- [DATA BLOCK]:
----
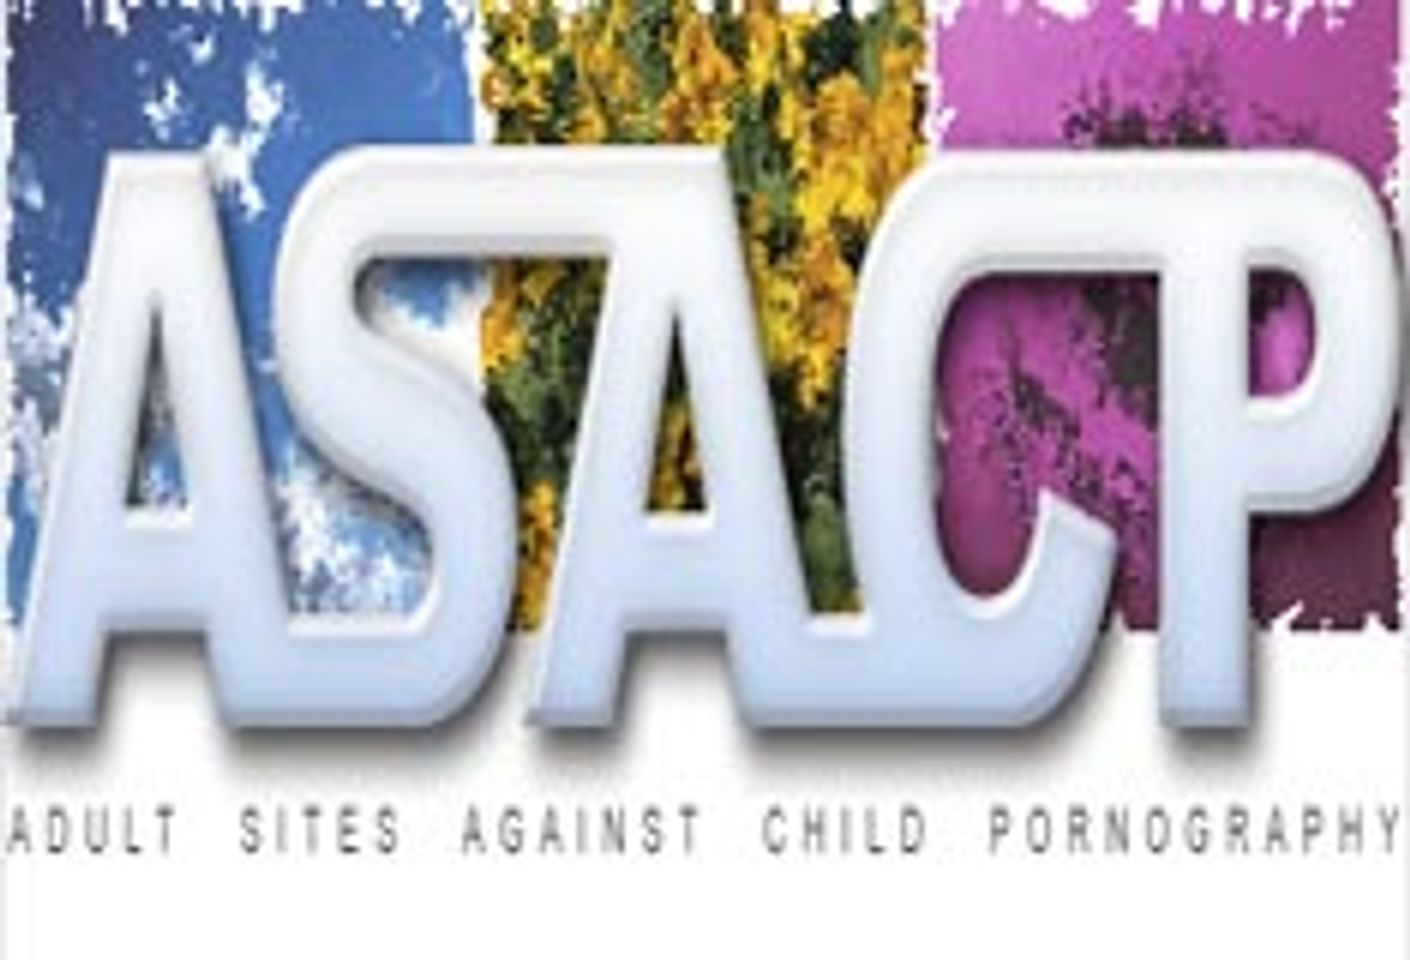 More Child Porn Reports "Sad Accomplishment": ASACP
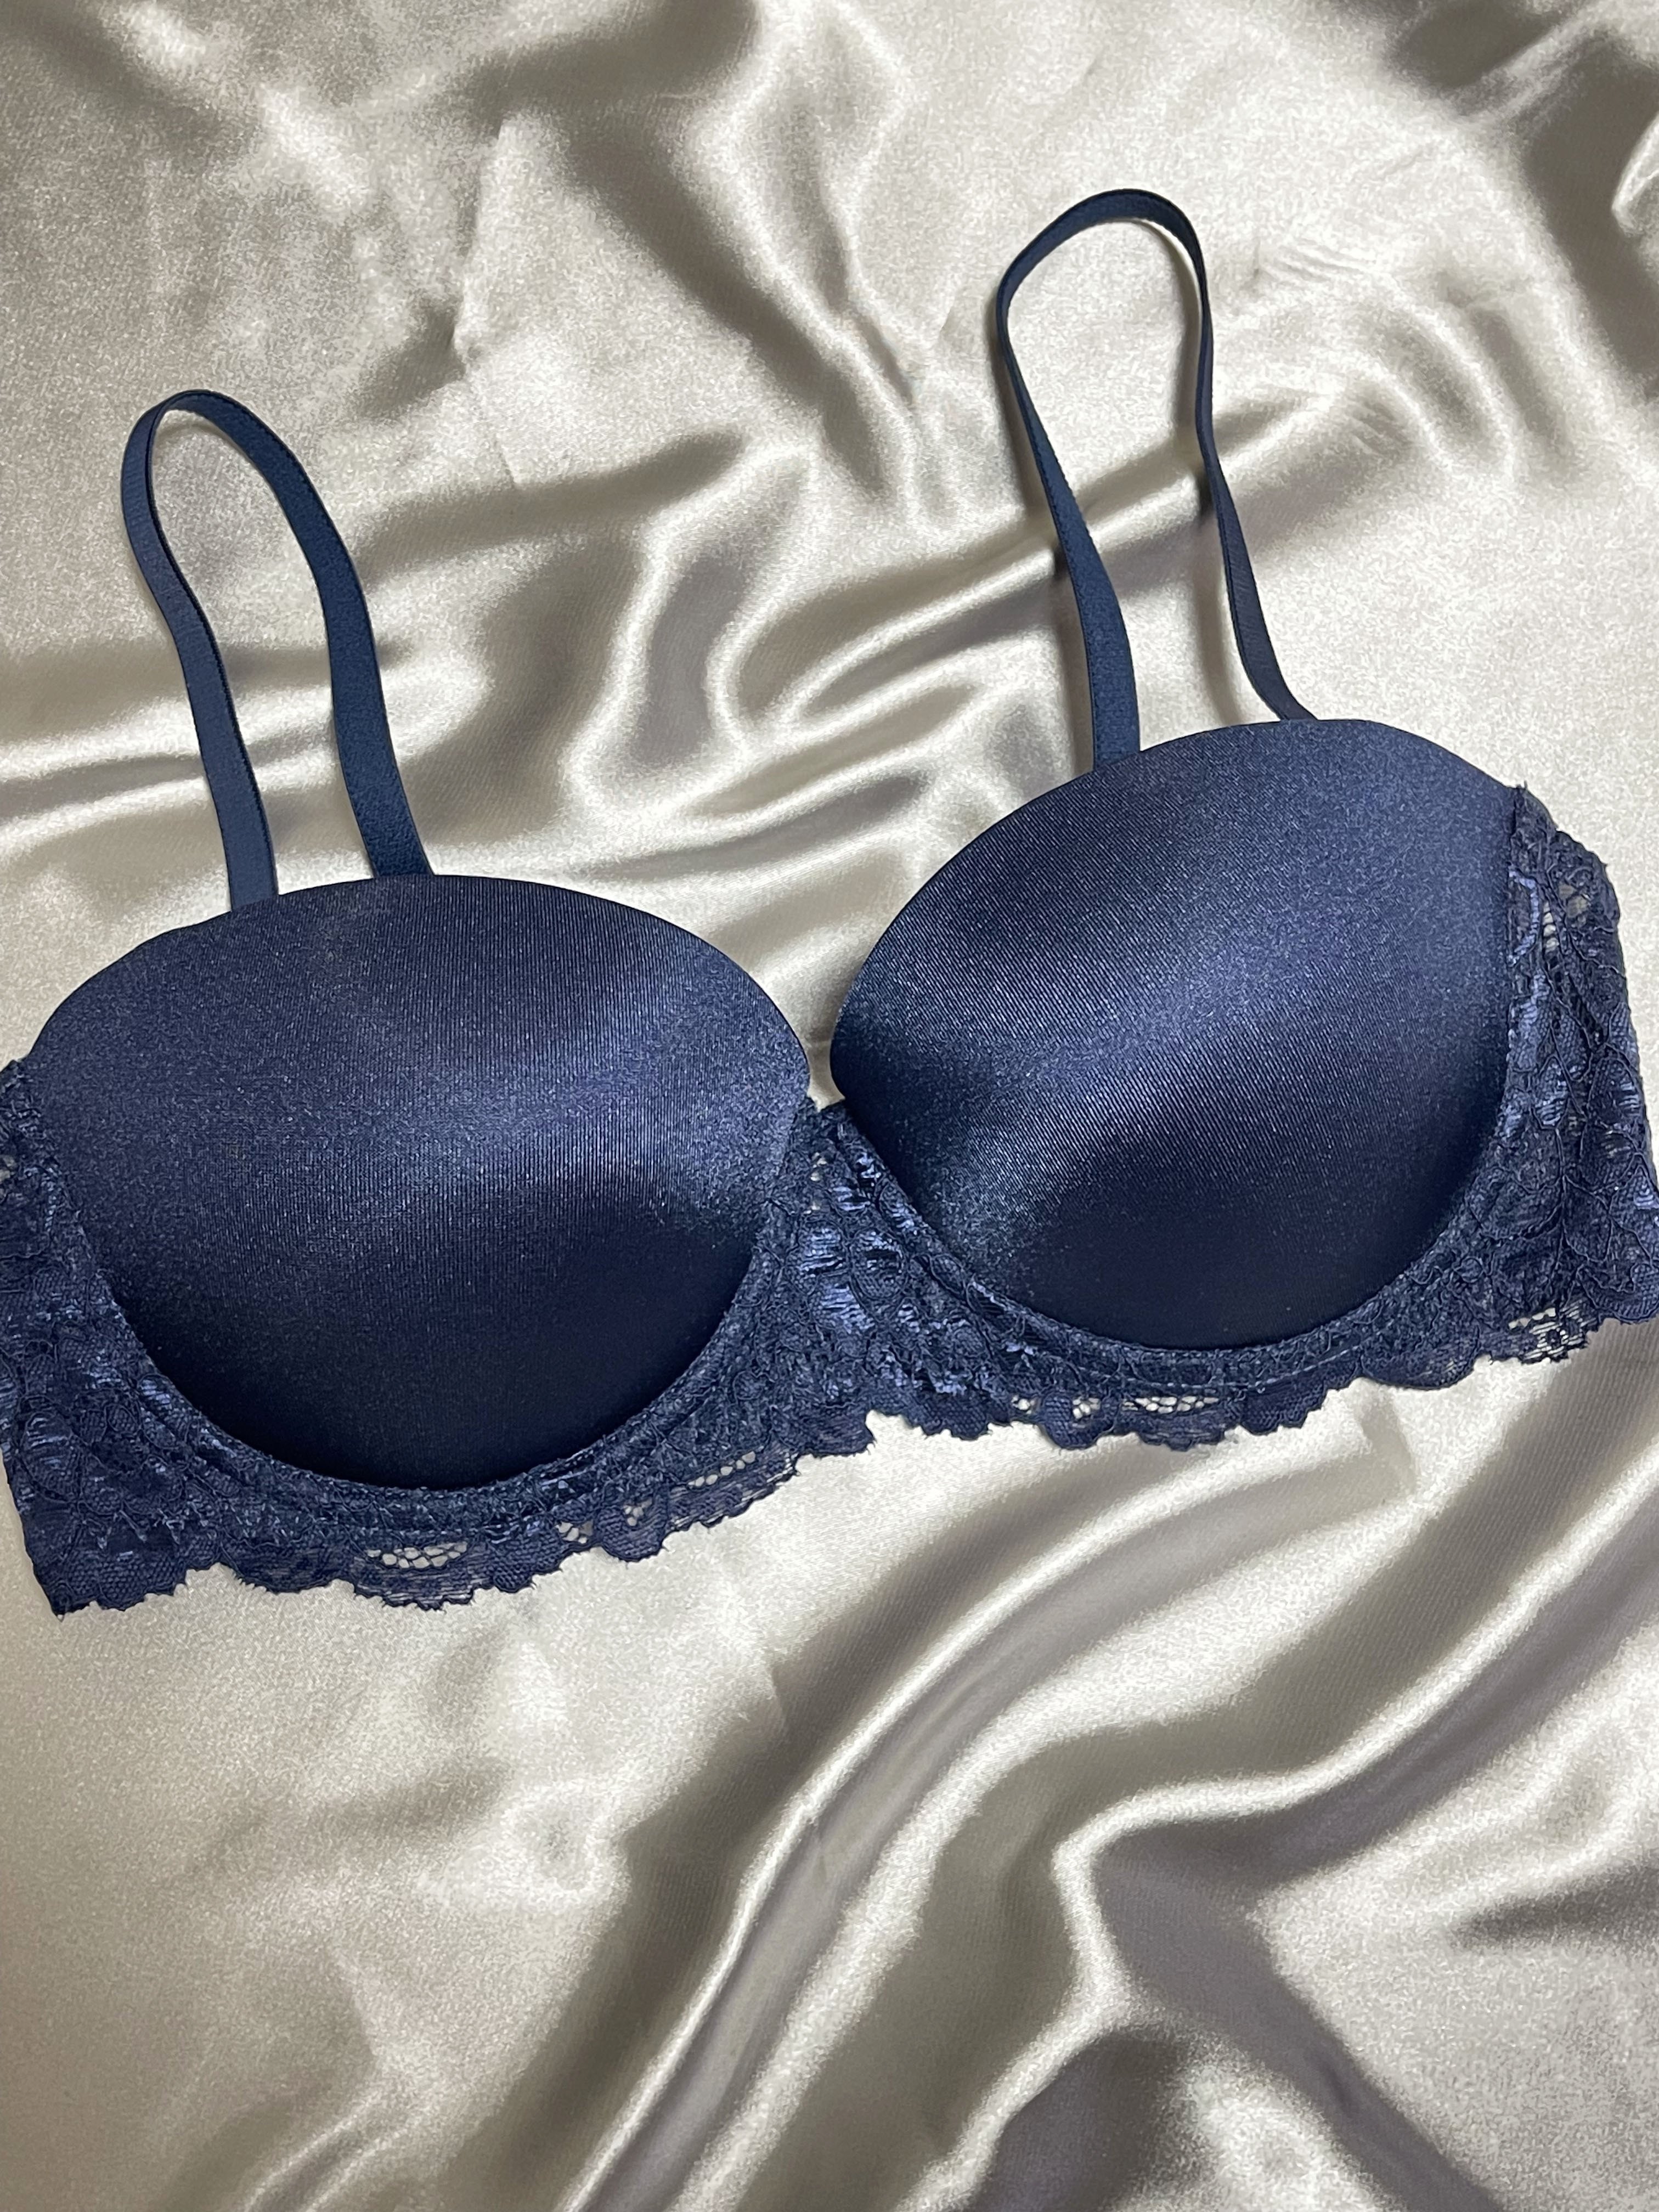 Blue lace push-up bra, Bras, Women'secret
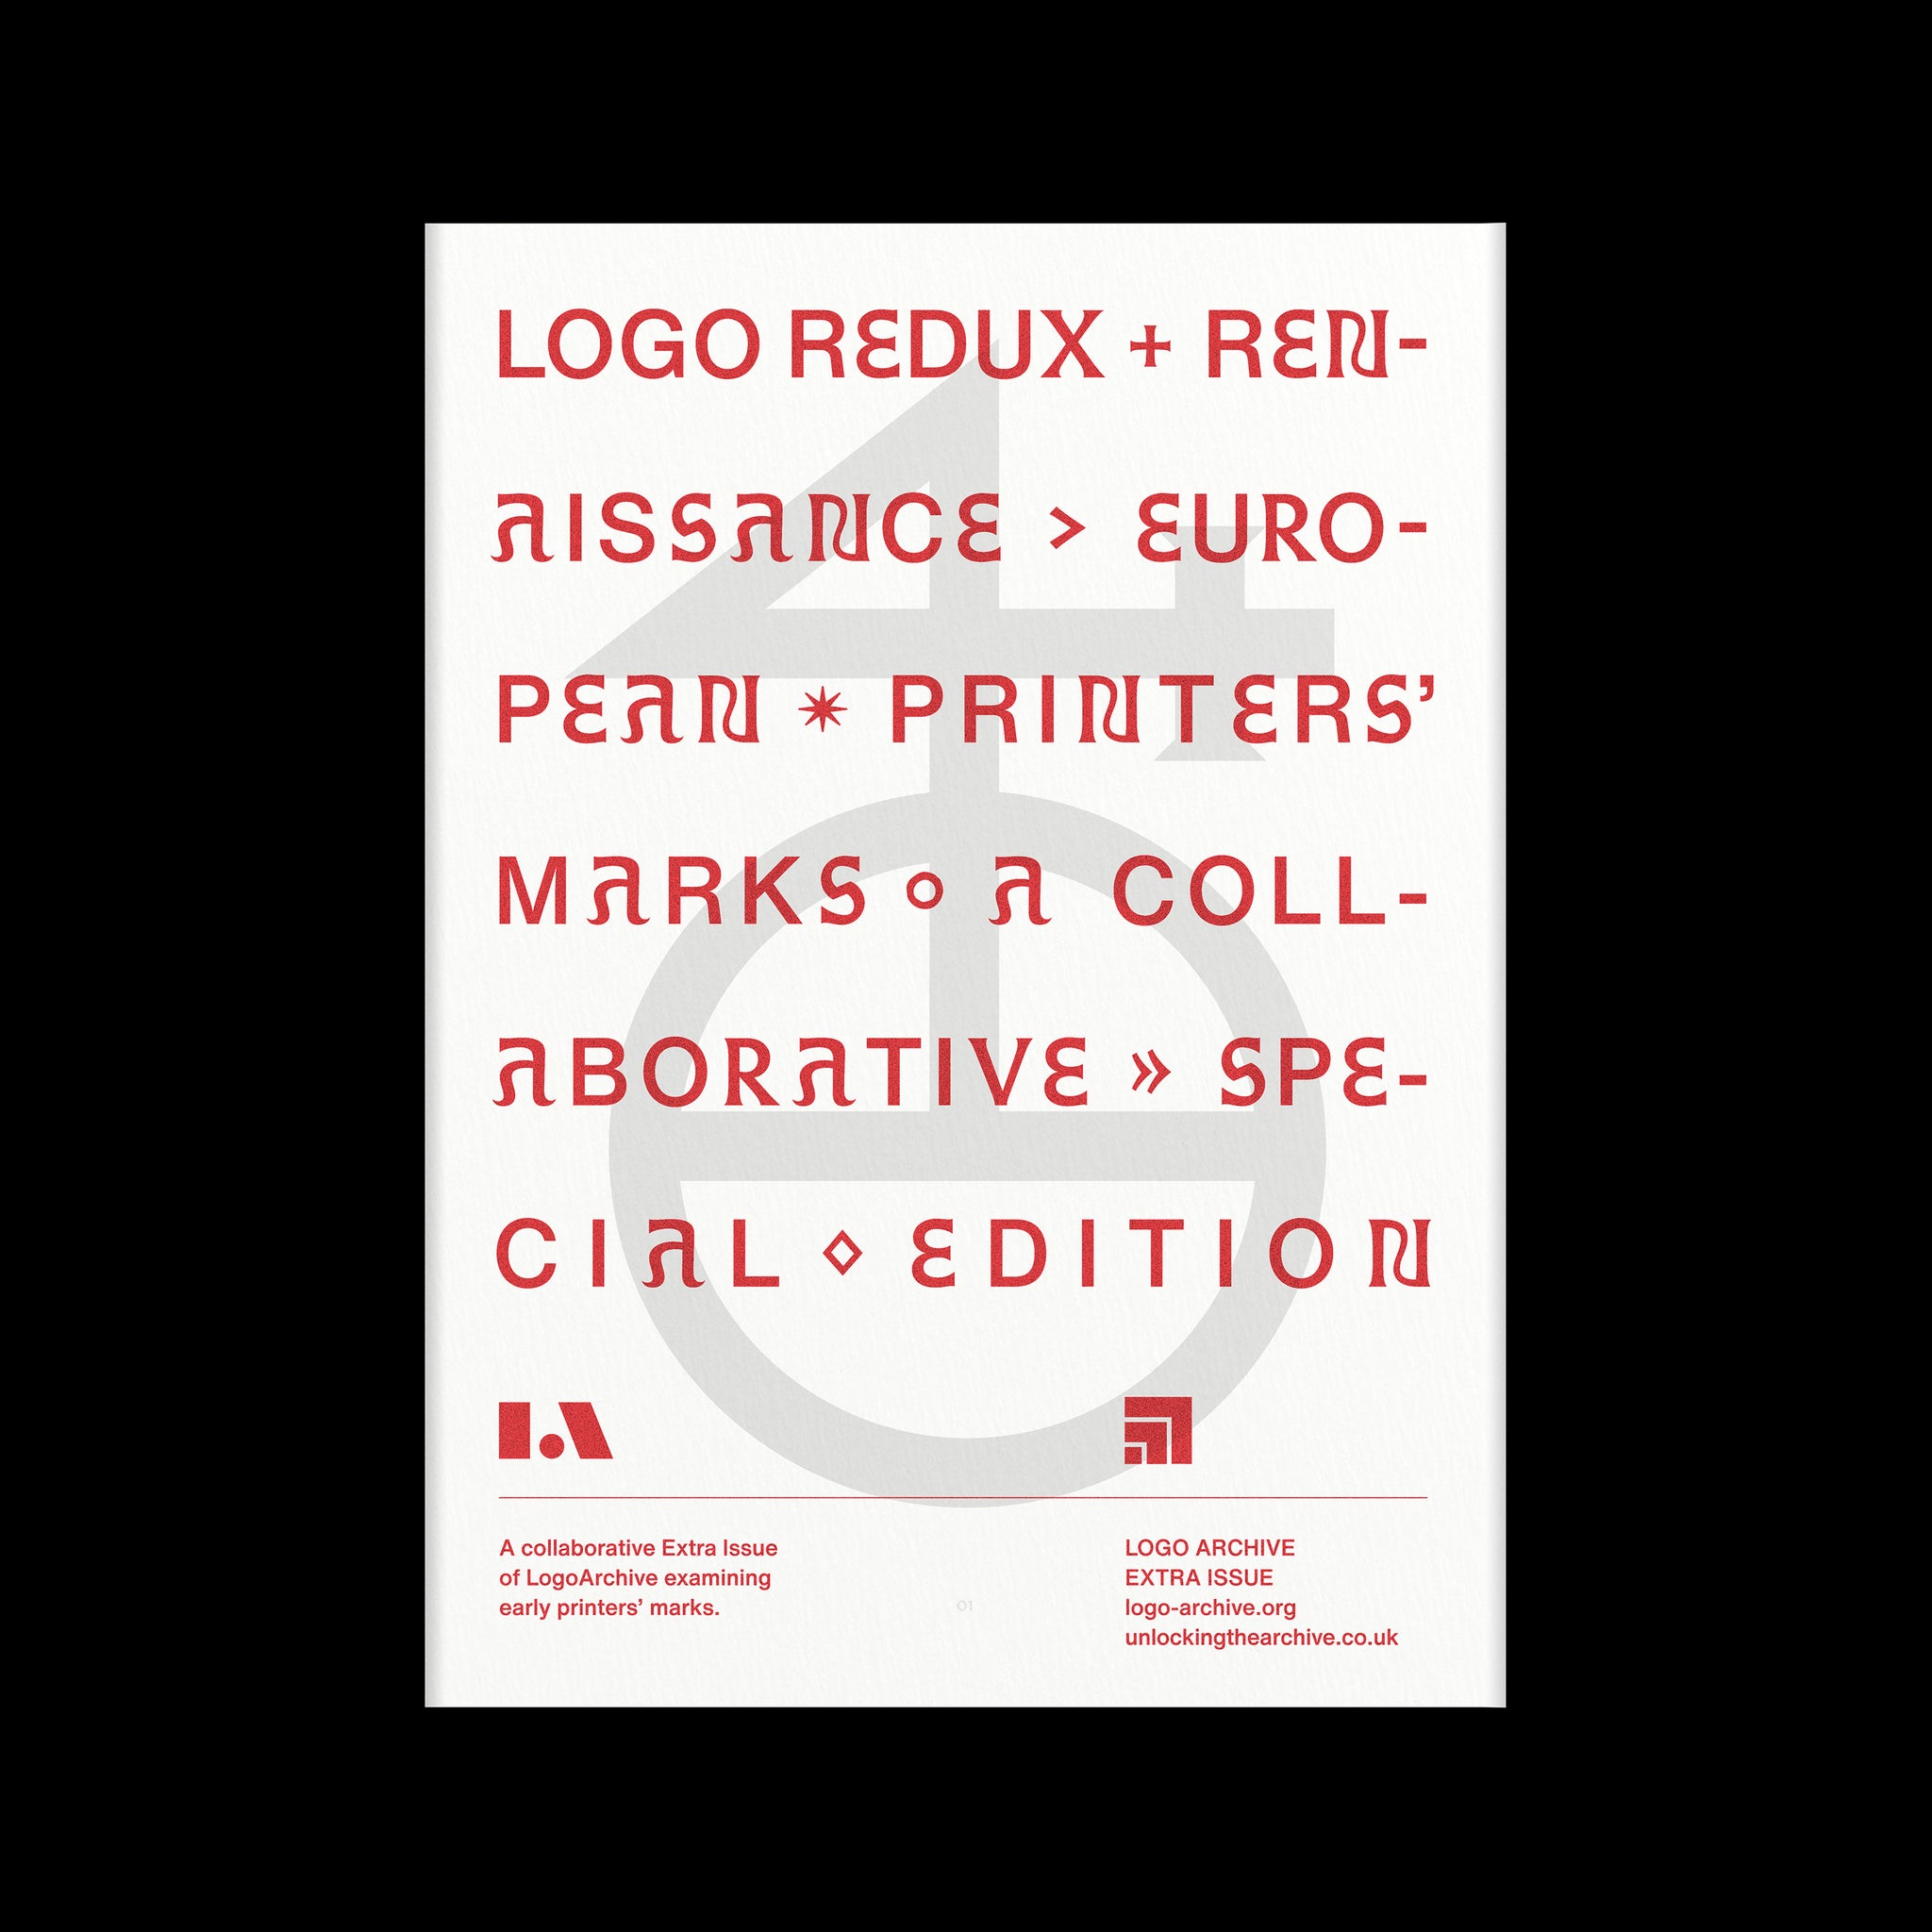 LogoArchive Extra Issue 5: Logo Redux
----
After removing the pictures, transcribe the listing above exactly.

- [ANSWER SECTION]:
 More Child Porn Reports "Sad Accomplishment": ASACP
 Blue lace push-up bra, Bras, Women'secret
 LogoArchive Extra Issue 5: Logo Redux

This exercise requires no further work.